Э, боже мой! Да кто же и когда беспокоится насчет жаровни с углями? Вам, конечно, известно, милостивые государи, что такой жаровней заботливые хозяйки нагревают постели своих жильцов в известное время: кого же, спрашивается, может обеспокоить нагретая постель? Не должно ли, напротив, вывести противоположное заключение, что нагревальник есть самая комфортабельная мебель, придуманная для поддержания здоровья и, следовательно, для распространения спокойствия в домашнем быту? Вашей проницательности, милостивые государи, предоставляю угадать, о каком беспокойстве идет здесь речь. Если бы Пикквик не был увертлив и лукав, он бы выразился, конечно, проще и яснее, потому что он действительно знал, какими страшными беспокойствиями могут сопровождаться для бедной невесты ночные отсутствия ее жениха. — А что должно понимать под этими двумя словами — «Медленный дилижанс?»16 Неужели ответчик мог предполагать, что бедной хозяйке его интересно знать, в каком дилижансе разъезжает он в ту пору, когда другие, более важные мысли должны были тяжелым бременем лежать на ее душе? Нет, милостивые государи, тот слишком прост, кто не видит с первого взгляда условного, фигурального значения этих слов. Для меня, напротив, не подлежит ни малейшему сомнению, что этот медленный дилижанс есть не иной кто, как сам Пикквик, увертливый наш ответчик, привыкший и словами, и делами уловлять в свои хитросплетенные сети неопытные души и сердца. Отдадим ему справедливость: медленный дилижанс, останавливаемый наглостью и бесстыдством, слишком лениво тянется по дороге справедливости и чести; но закон, олицетворяемый вами, милостивые государи, неизбежно ускорит его ход и сообщит быстрое движение его колесам.

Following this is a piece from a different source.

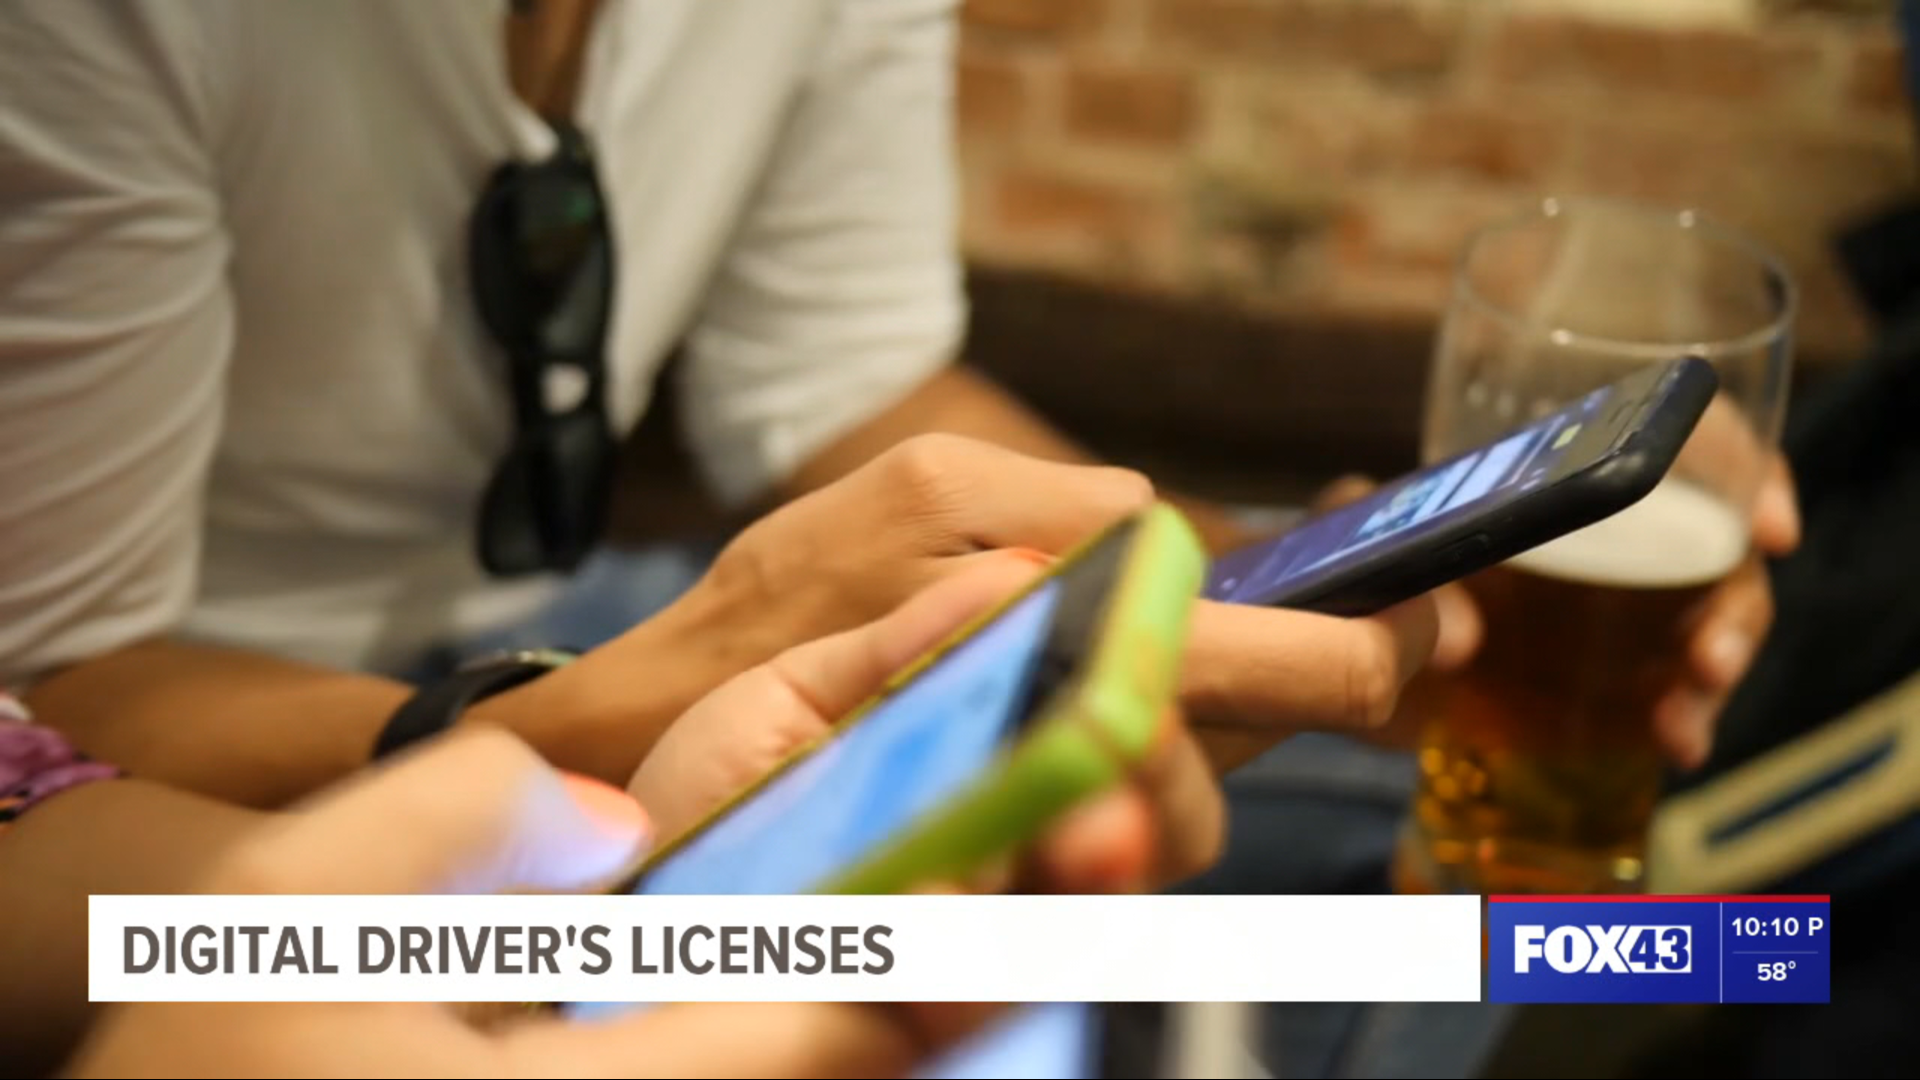 Americans may soon be able to pull out their phones instead of a plastic card to prove their identities, as multiple states develop digital driver’s licenses.

Сержант Бузфуц приостановился на этом месте, чтобы видеть впечатление, произведенное на присяжных этими шуточками, которые казались ему чрезвычайно остроумными. Никто, однако ж, не улыбнулся, кроме зеленщика, припомнившего в эту минуту, с какой медленностью сам он, на своей тележке, развозил по домам различные произведения растительного царства.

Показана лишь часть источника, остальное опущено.